Santiago happened organically. My partner is from Chile, so we have an apartment there. I’ve tried over the last 15 years to form relationships. About a year and a half ago, I hired an architect who lives in Chile. She understands both US culture, because she grew up here, and Latin American culture, because she’s been living there. That kind of just fell into place. Sometimes you can’t overthink things too much. It’s paralysis by analysis. You’ve got to go with your gut a little bit.

Howl9 ft2 img3
Dash Design
One11 Hotel located in New Orleans, LA (2020)
Photo: CS3 Photography
— What are the hallmarks of a good client relationship?
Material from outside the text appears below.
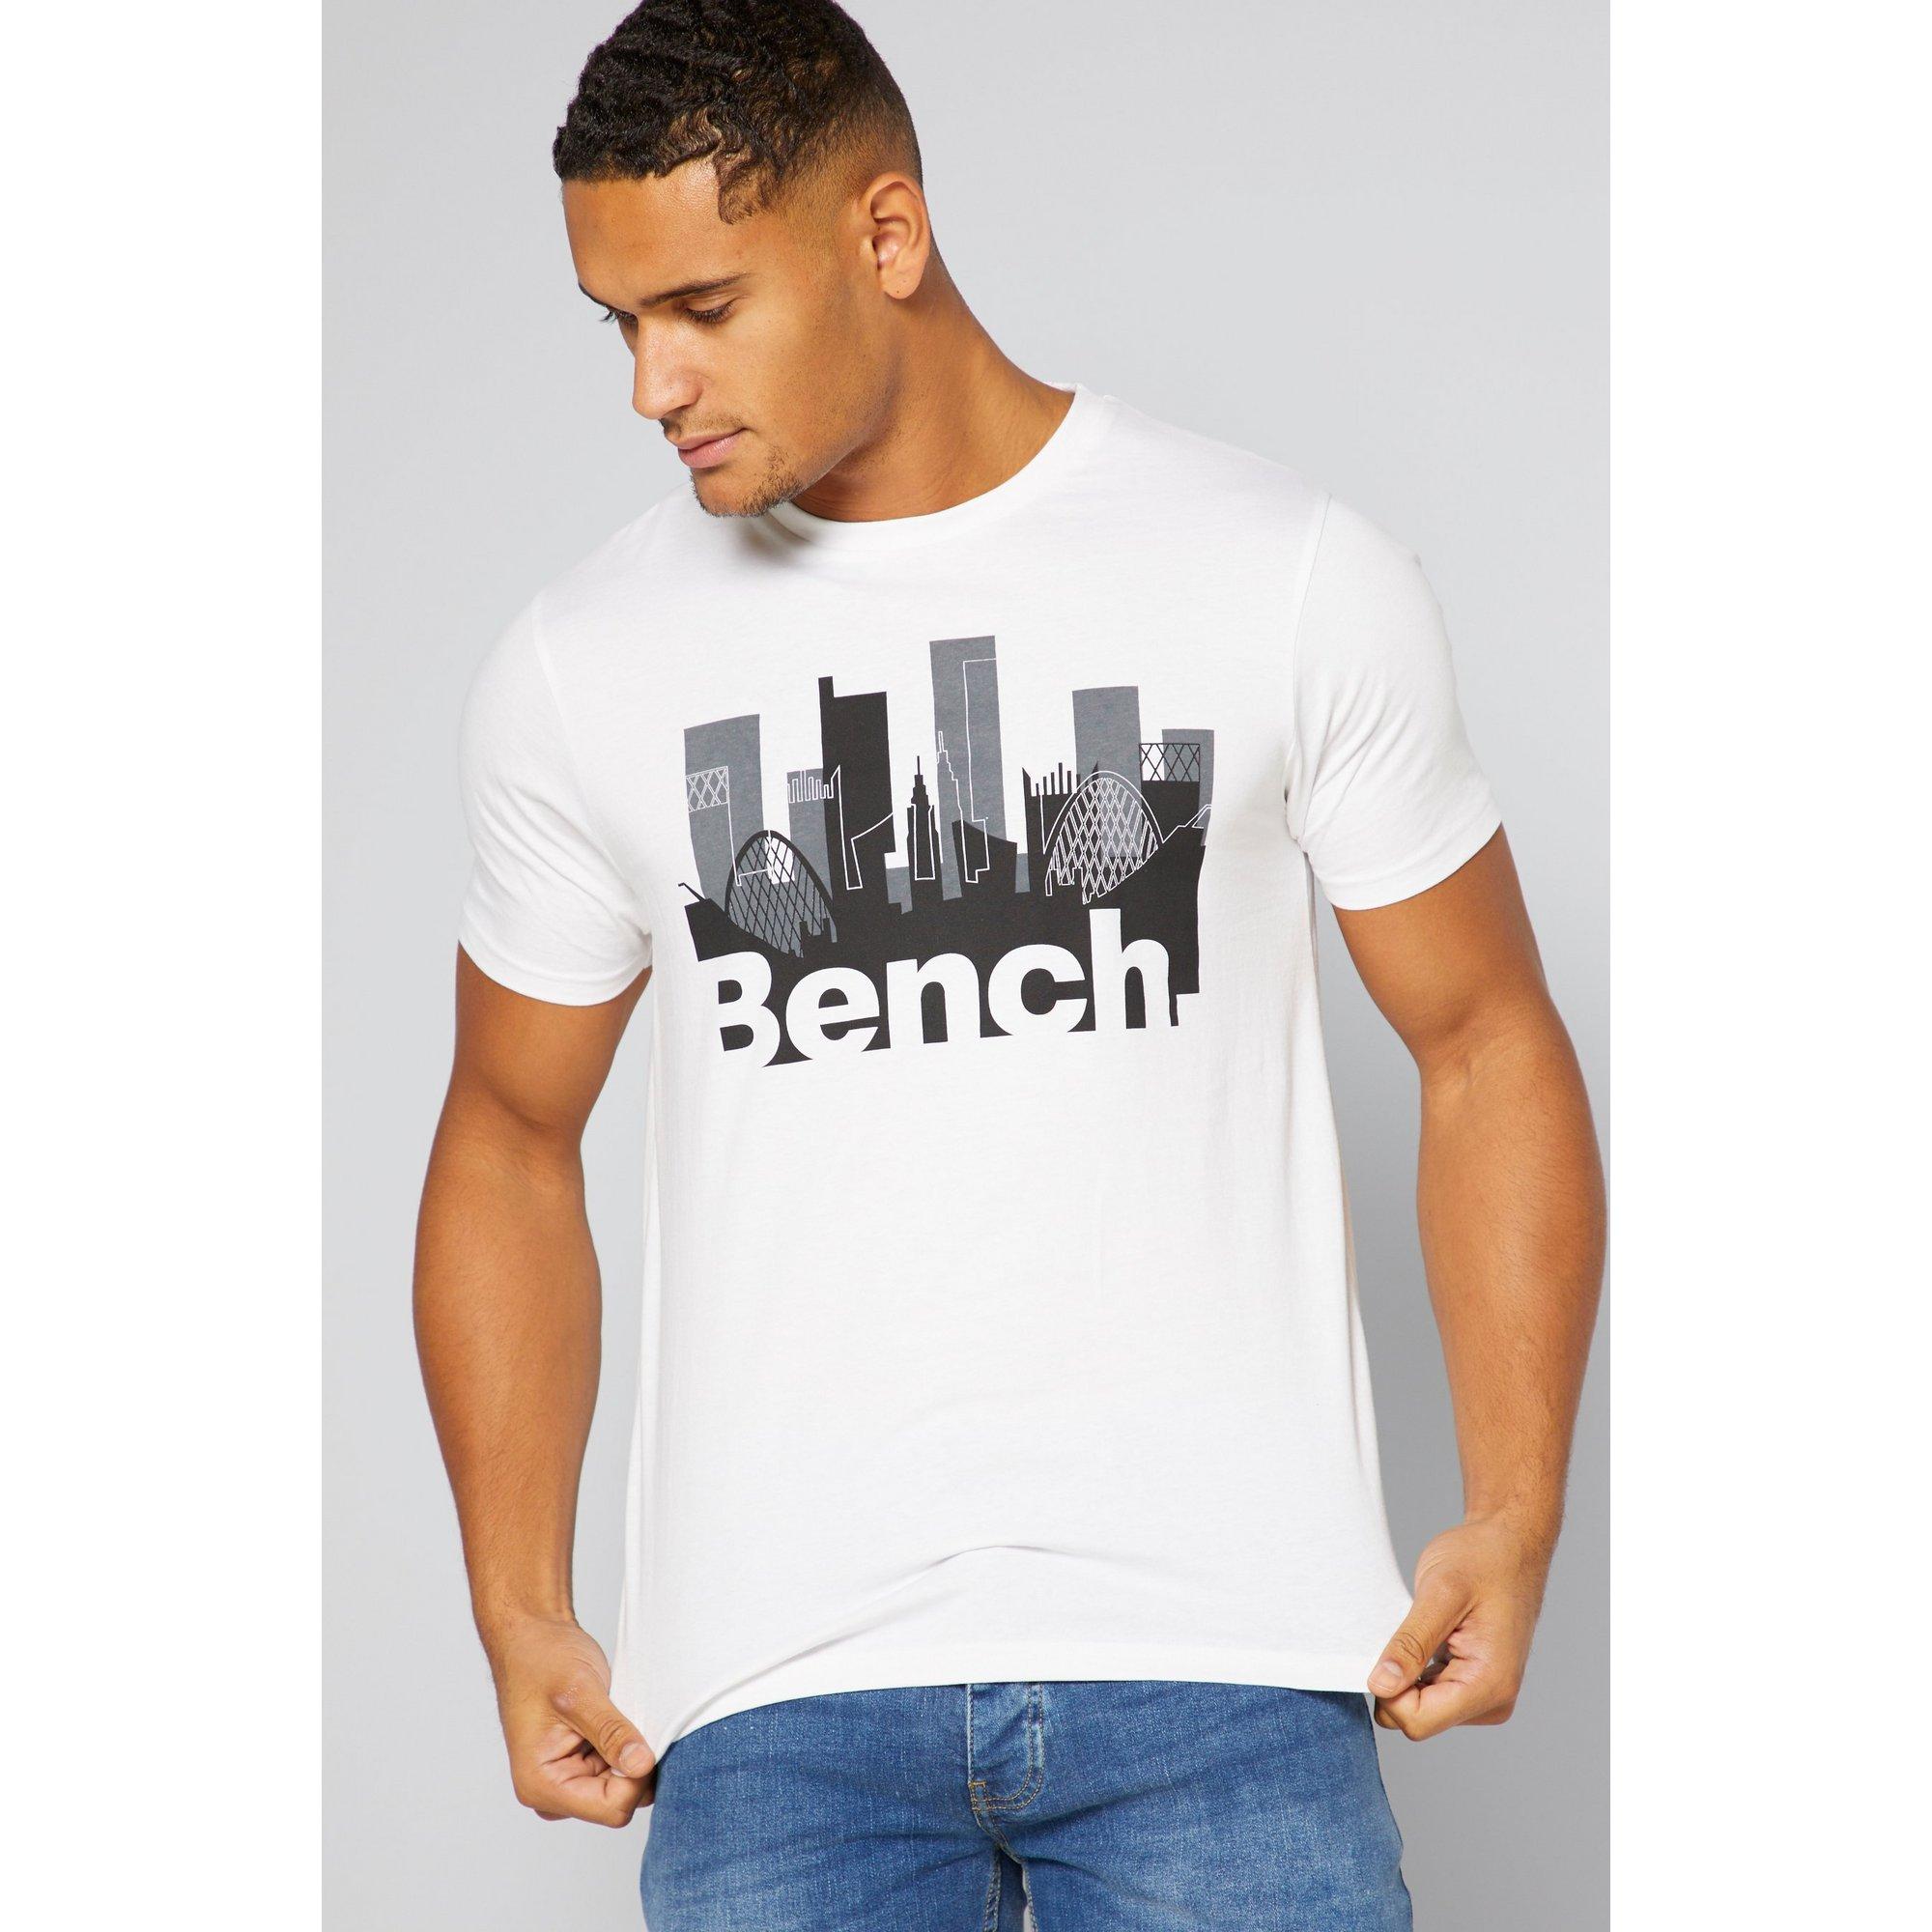 Image of Bench City Print White T-Shirt
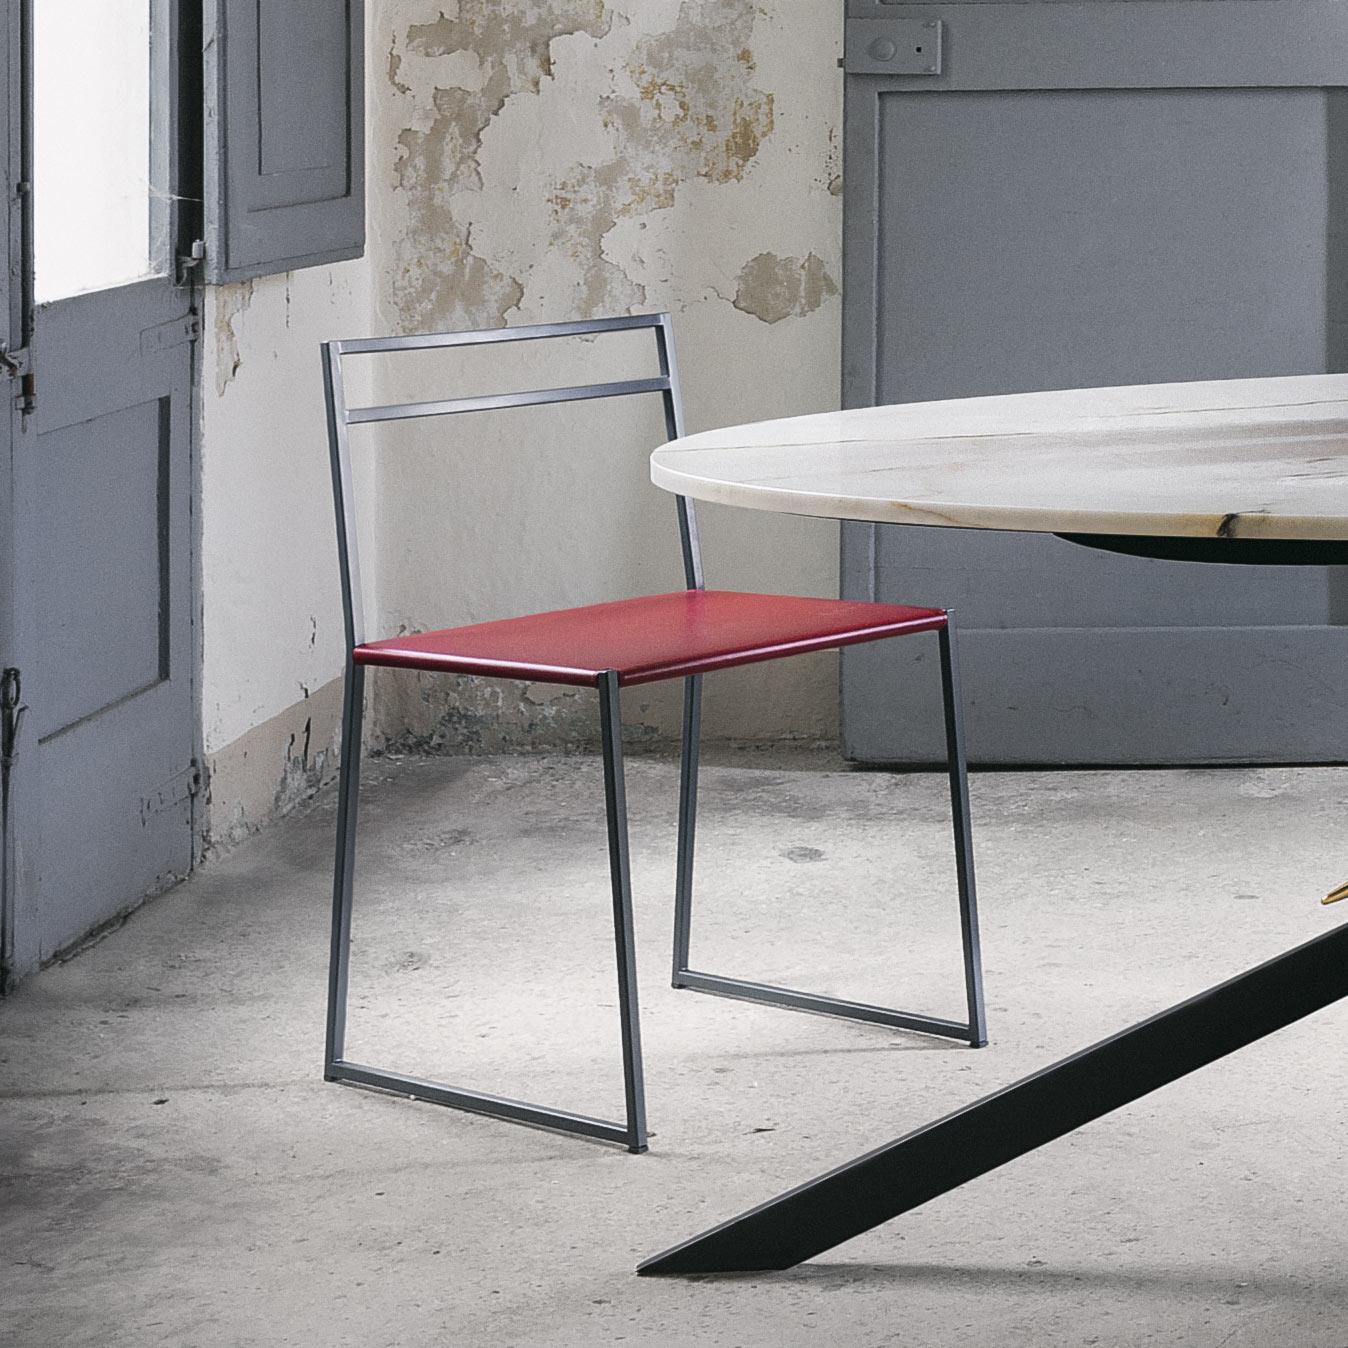 Sedia minimalista contemporanea design Luca Casini

We’re providing a service. I always tell my team that people hire us to help ease their sore points. They hire us to take things off their plate that they don’t want to worry about. I find that the best relationships are the ones where I can anticipate the things that are keeping my clients awake, and make sure that they’re not keeping them awake. Even if it’s ‘not in my scope.’ Sometimes, somebody in my office will say something like, ‘The client is asking about the alarm clocks for the rooms, but that’s not in our scope.’ I never say that. I say ‘Don’t worry, we’ll help figure it out. I’ll find someone who can do that for you.’ But don’t throw it back in their court. It’s always an education, figuring out how best to be a good partner. And that means being able to anticipate what they need.

You know, it’s funny. Interior designers, we’re generalists, but we’re experts in everything. I’m not an expert on HVAC, and I’m not an expert on the performance of fabric, but I know enough to get you the answer and create a complete experience.